| PROVIDED DATA |
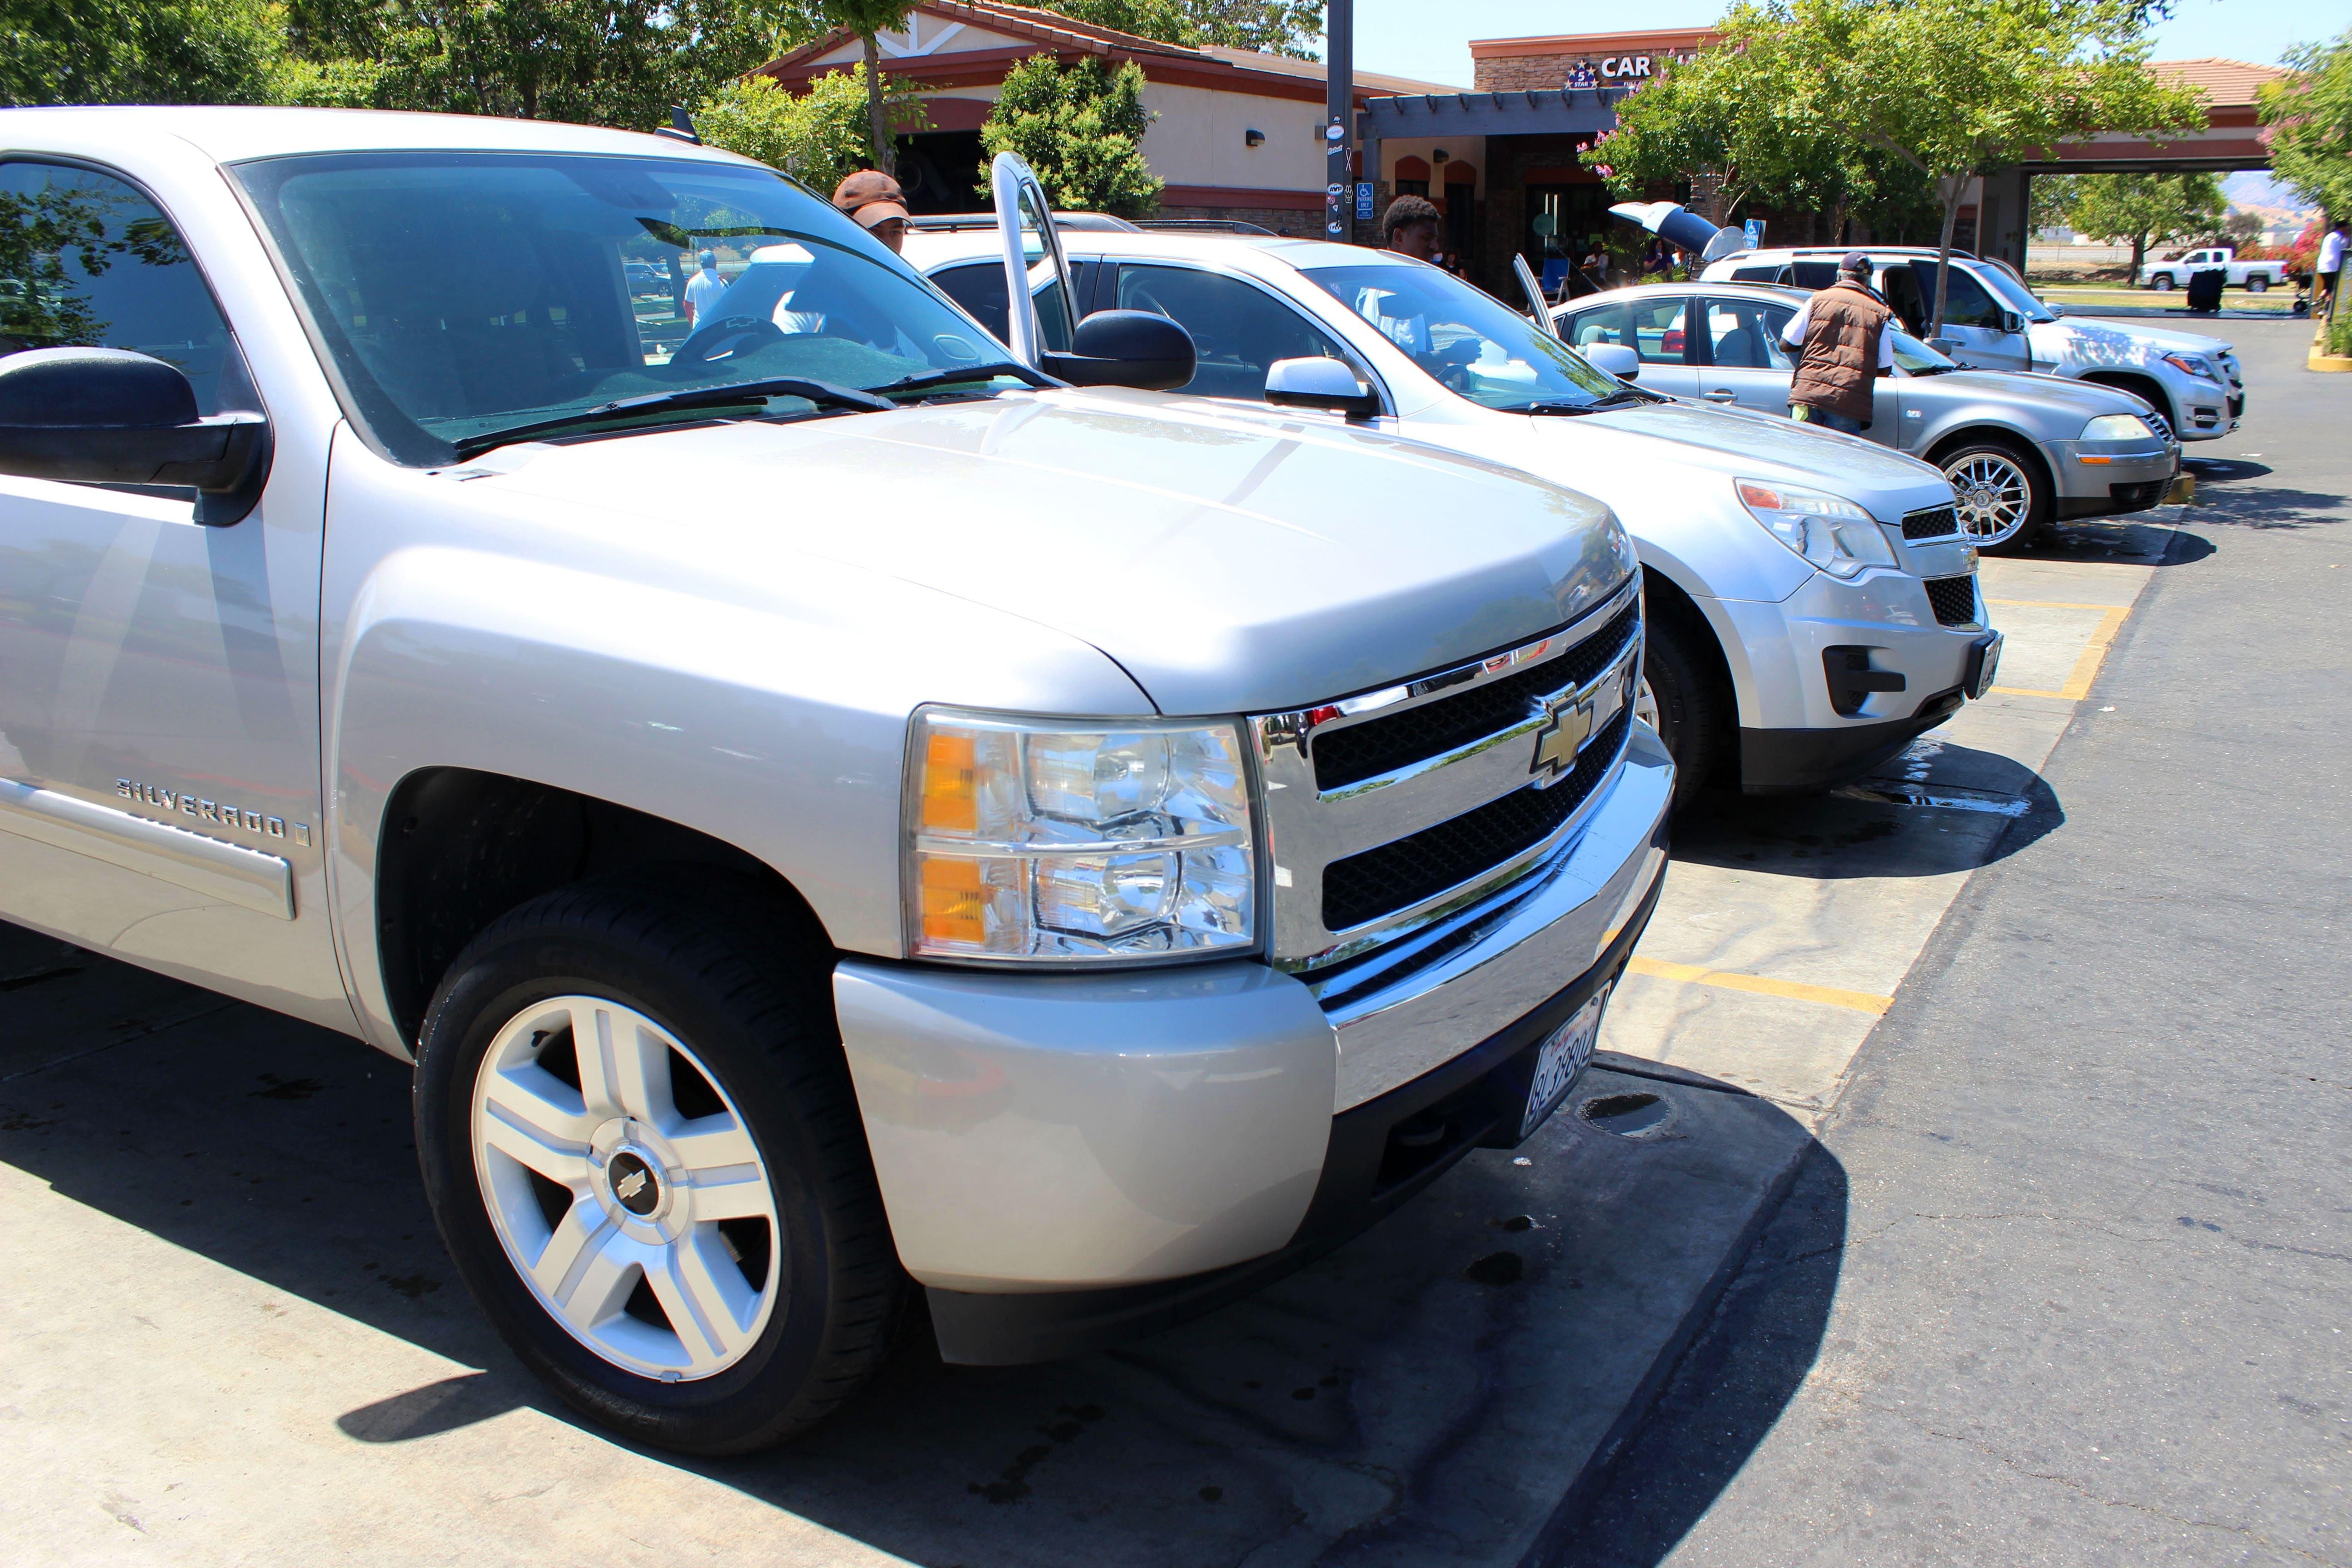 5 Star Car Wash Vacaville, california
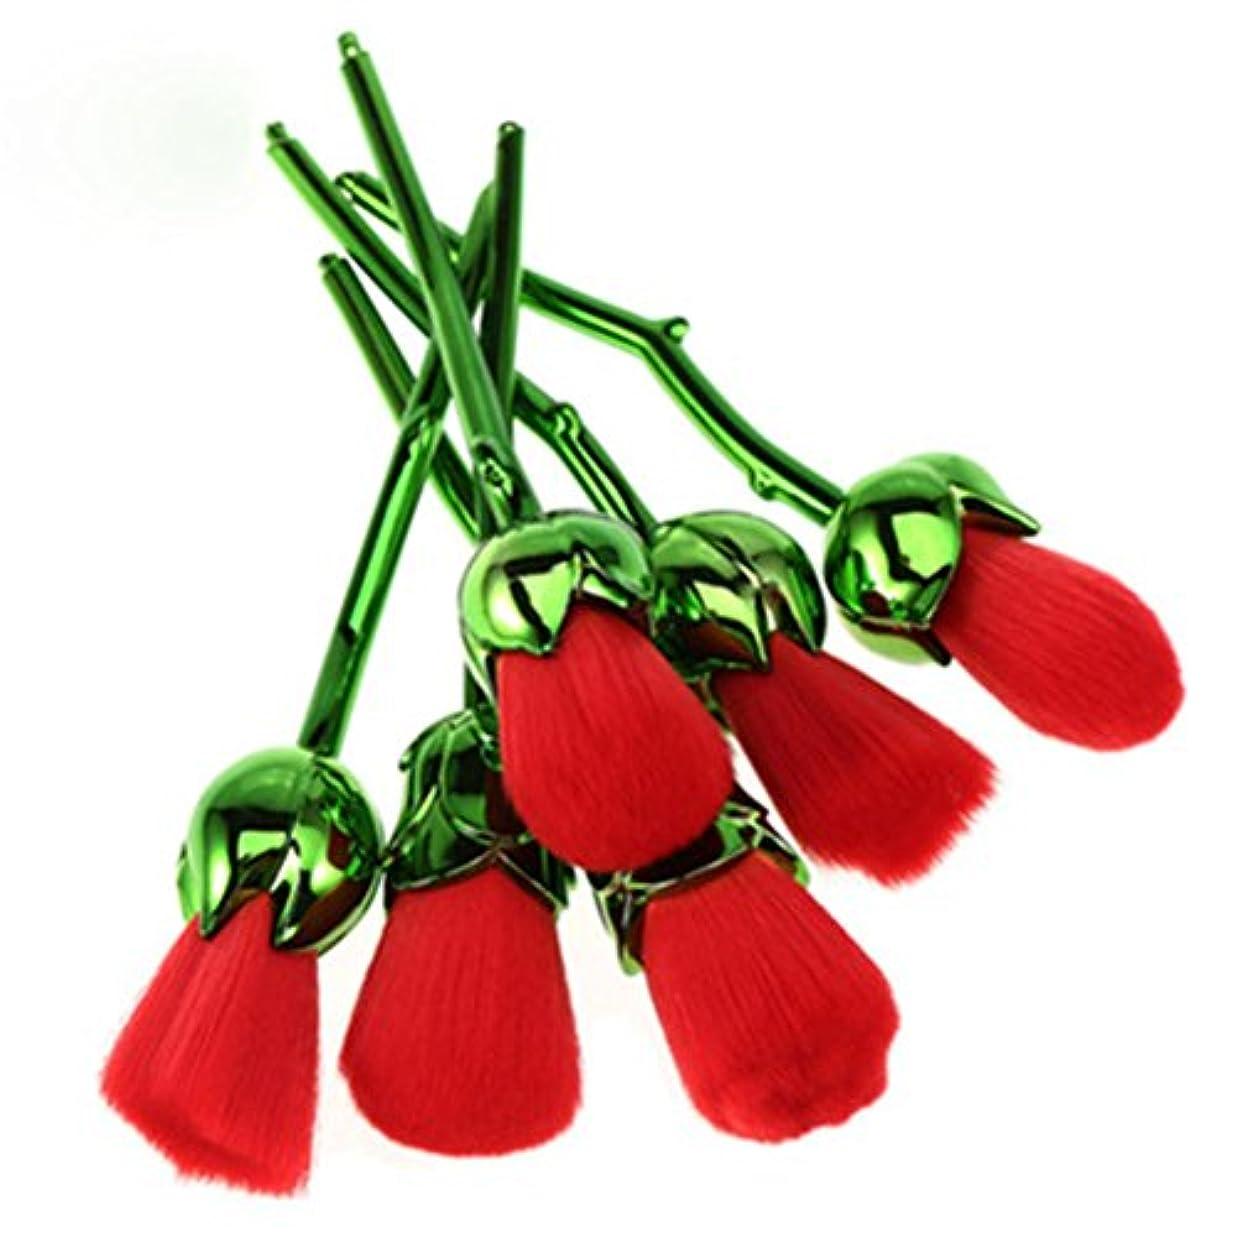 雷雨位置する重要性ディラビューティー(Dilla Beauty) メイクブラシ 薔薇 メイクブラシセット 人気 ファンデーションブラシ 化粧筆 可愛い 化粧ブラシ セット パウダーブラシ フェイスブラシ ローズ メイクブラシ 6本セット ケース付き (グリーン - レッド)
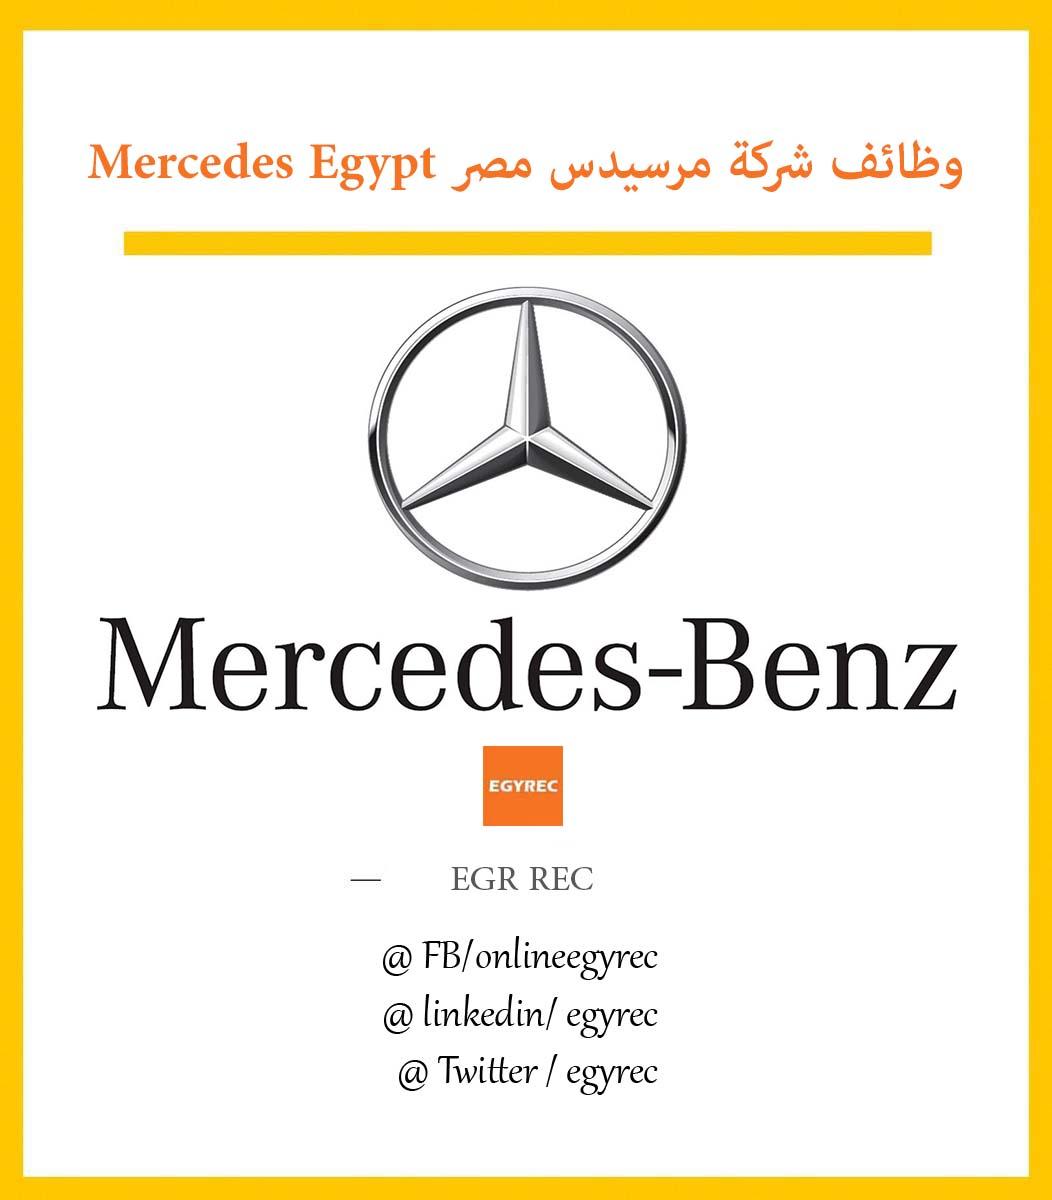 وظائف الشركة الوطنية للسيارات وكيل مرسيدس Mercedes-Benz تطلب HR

| TASK TO CARRY OUT |
Could all the data above be given again exactly, leaving out its images?

| WRITTEN ANSWER |
 5 Star Car Wash Vacaville, california
 雷雨位置する重要性ディラビューティー(Dilla Beauty) メイクブラシ 薔薇 メイクブラシセット 人気 ファンデーションブラシ 化粧筆 可愛い 化粧ブラシ セット パウダーブラシ フェイスブラシ ローズ メイクブラシ 6本セット ケース付き (グリーン - レッド)
 وظائف الشركة الوطنية للسيارات وكيل مرسيدس Mercedes-Benz تطلب HR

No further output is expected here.